* What you should do: Only the pictures are dropped; the lines of the material that follow are returned exactly.

[Opening Source material section]

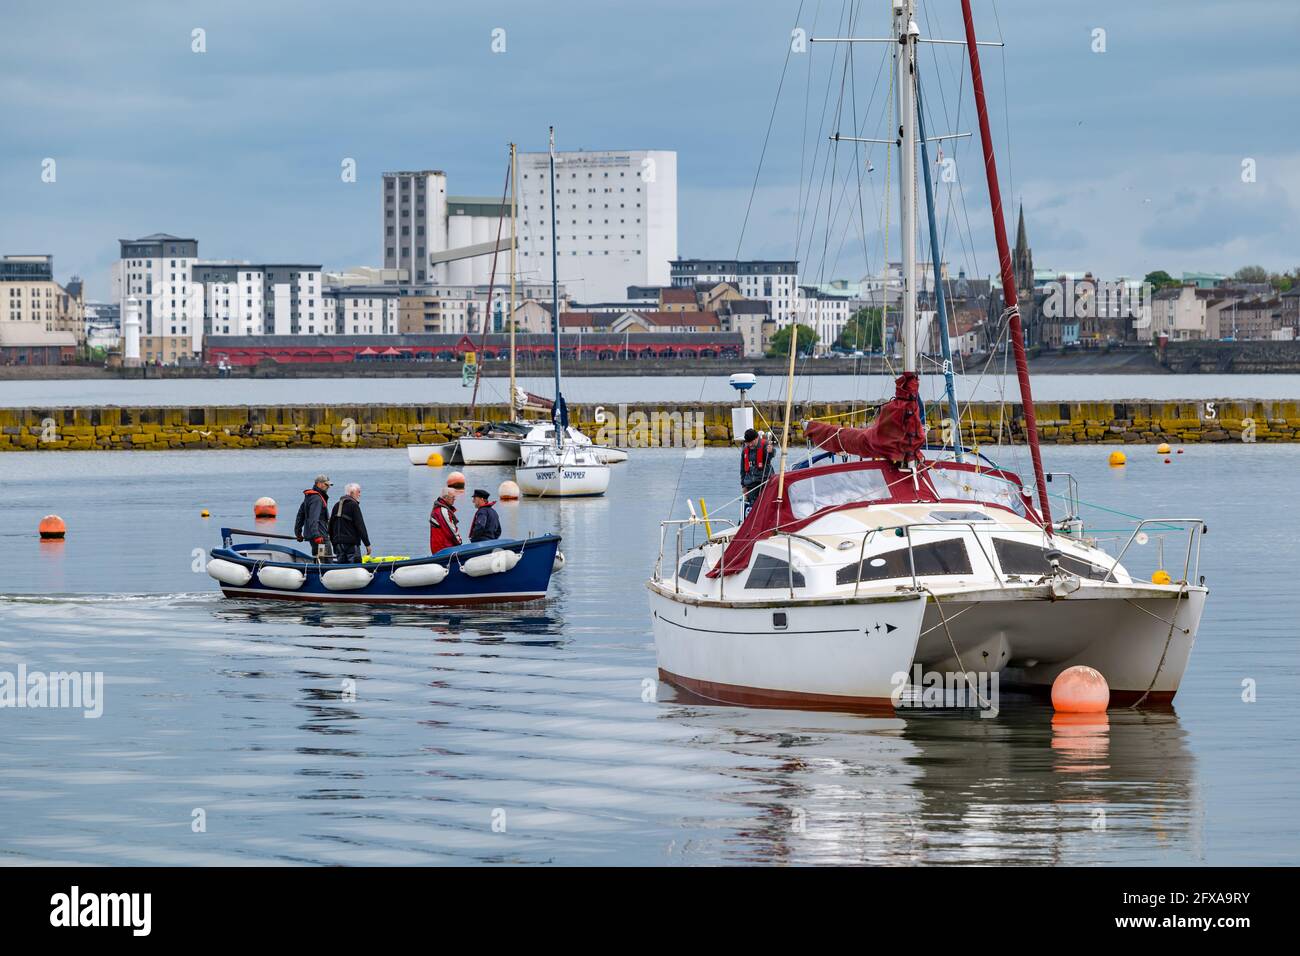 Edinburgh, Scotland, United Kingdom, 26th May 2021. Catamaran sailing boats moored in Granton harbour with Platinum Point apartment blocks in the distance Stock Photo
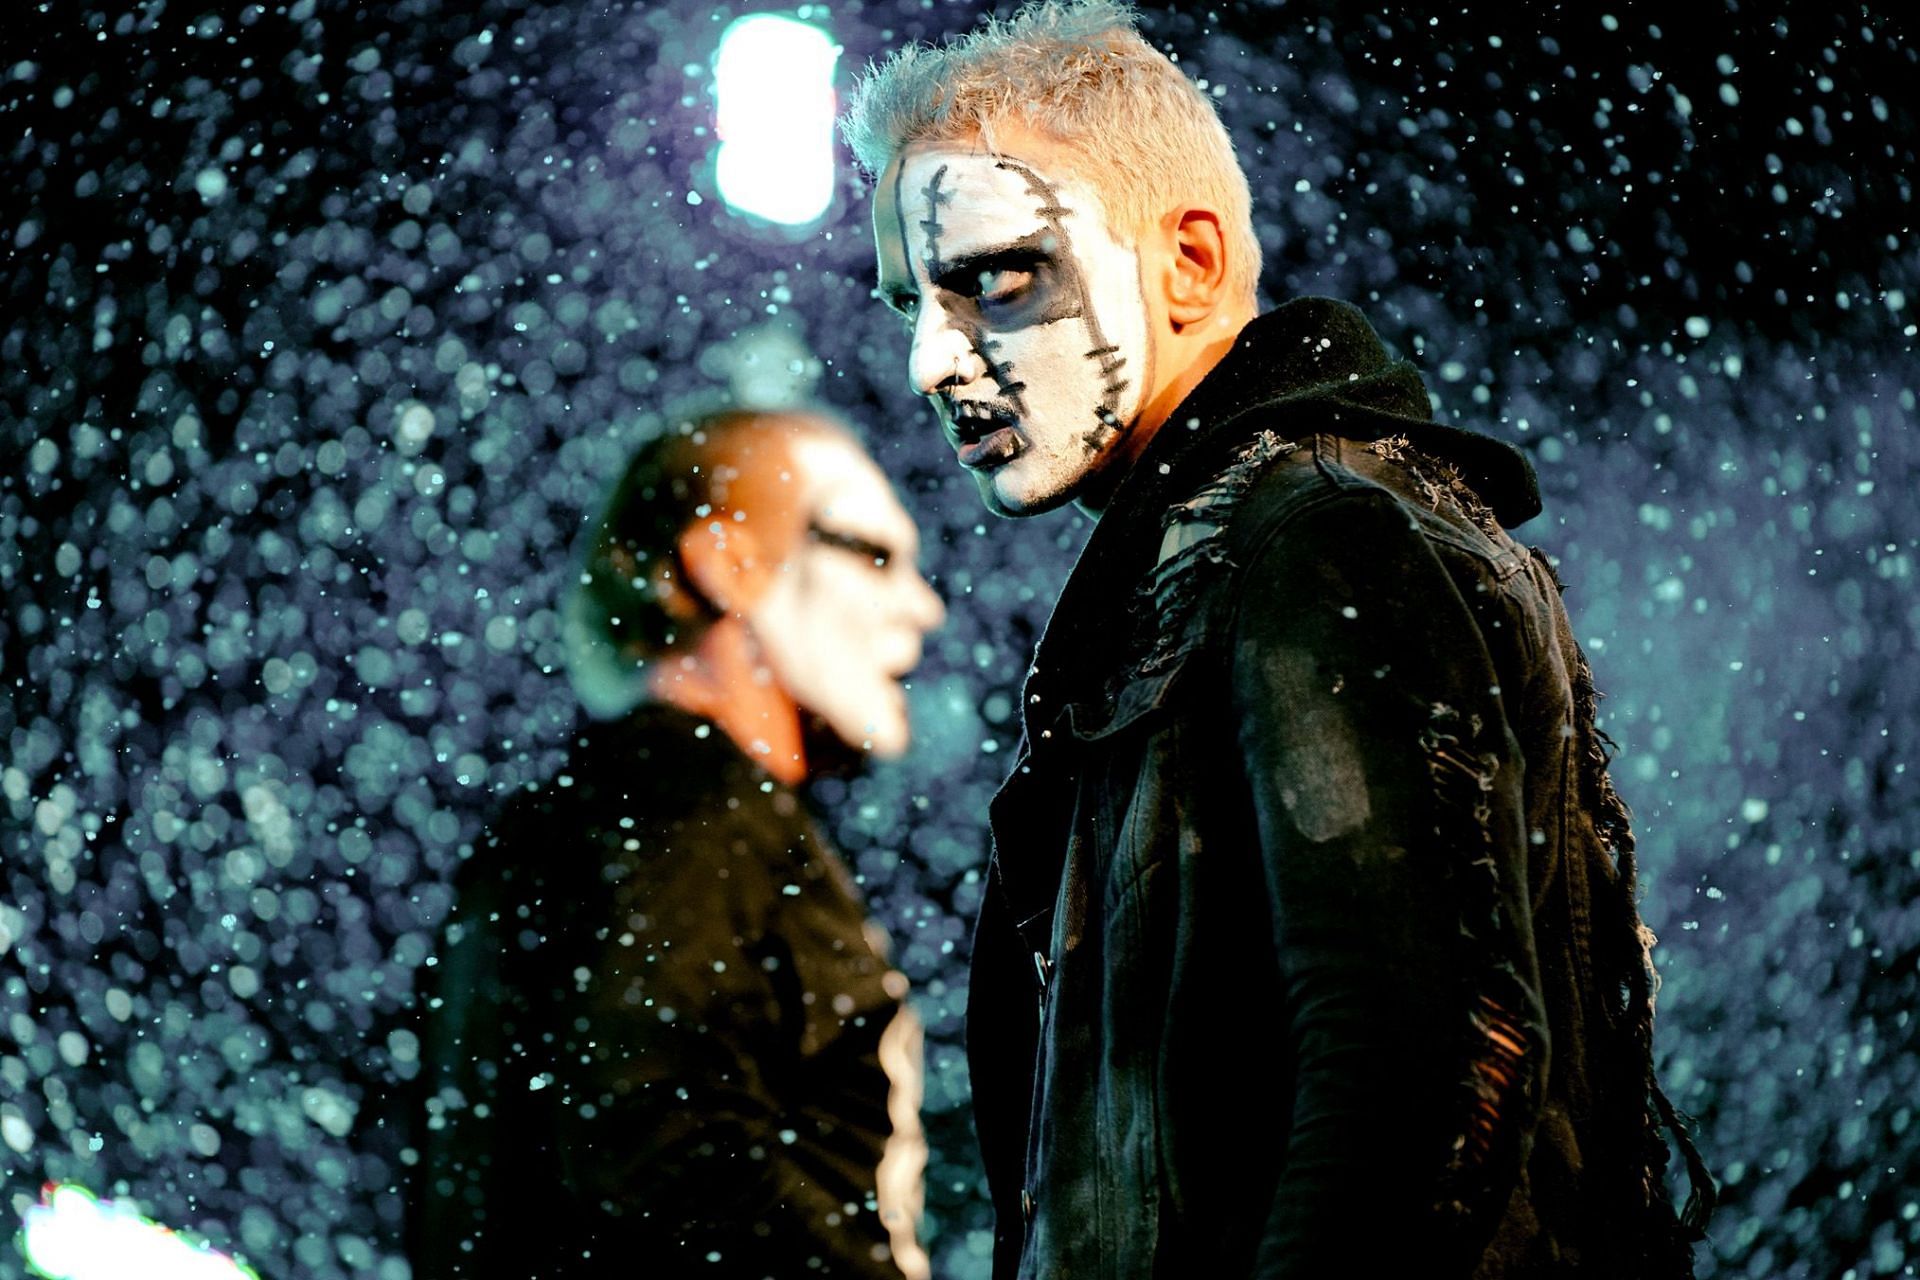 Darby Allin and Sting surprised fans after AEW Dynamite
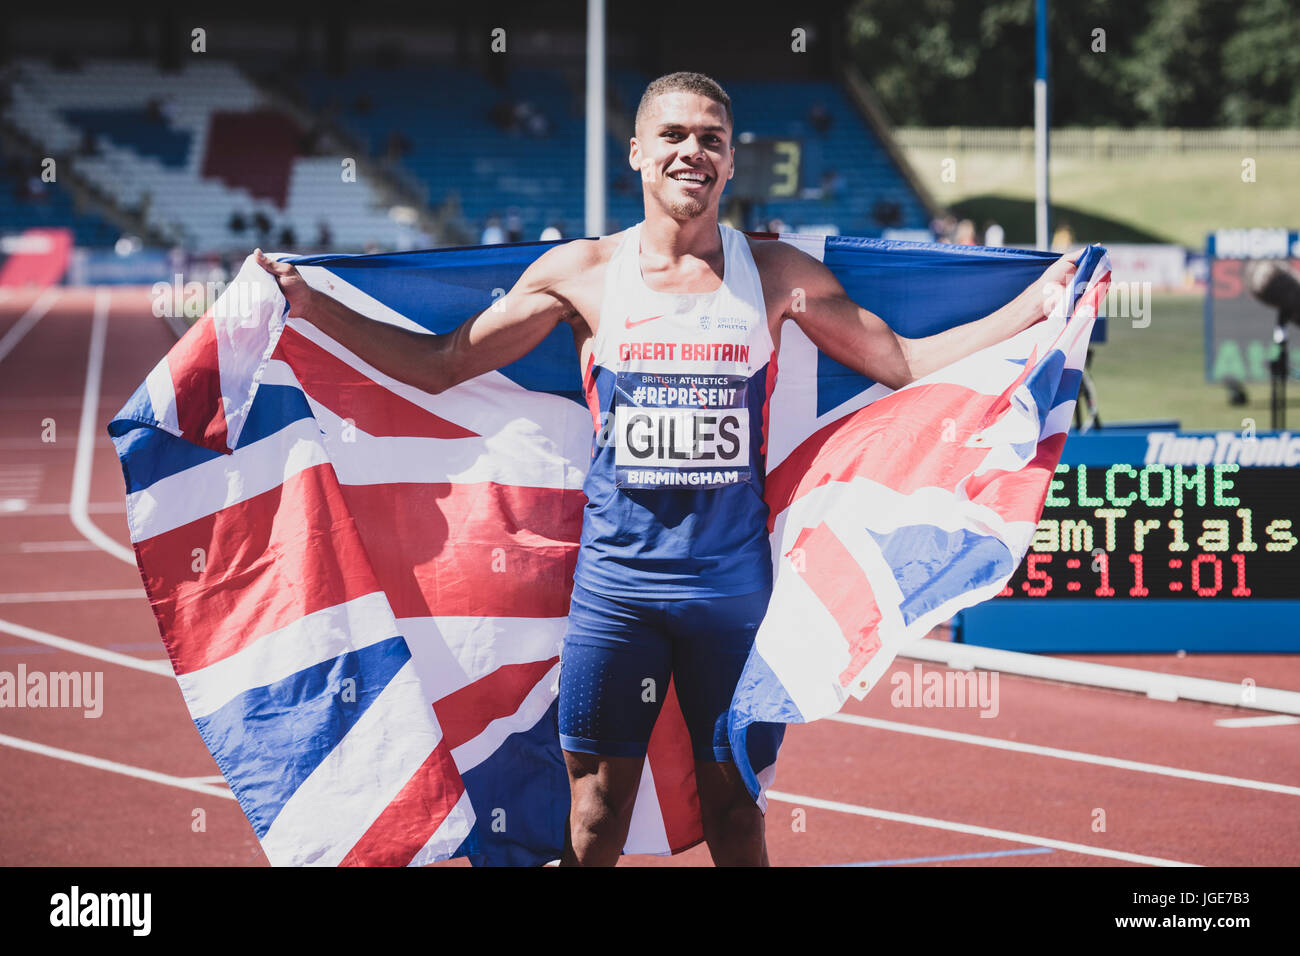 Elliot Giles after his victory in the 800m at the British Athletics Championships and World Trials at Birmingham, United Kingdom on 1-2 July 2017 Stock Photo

[Closing Source material section]

* Task answer:
 Edinburgh, Scotland, United Kingdom, 26th May 2021. Catamaran sailing boats moored in Granton harbour with Platinum Point apartment blocks in the distance Stock Photo
 Darby Allin and Sting surprised fans after AEW Dynamite
 Elliot Giles after his victory in the 800m at the British Athletics Championships and World Trials at Birmingham, United Kingdom on 1-2 July 2017 Stock Photo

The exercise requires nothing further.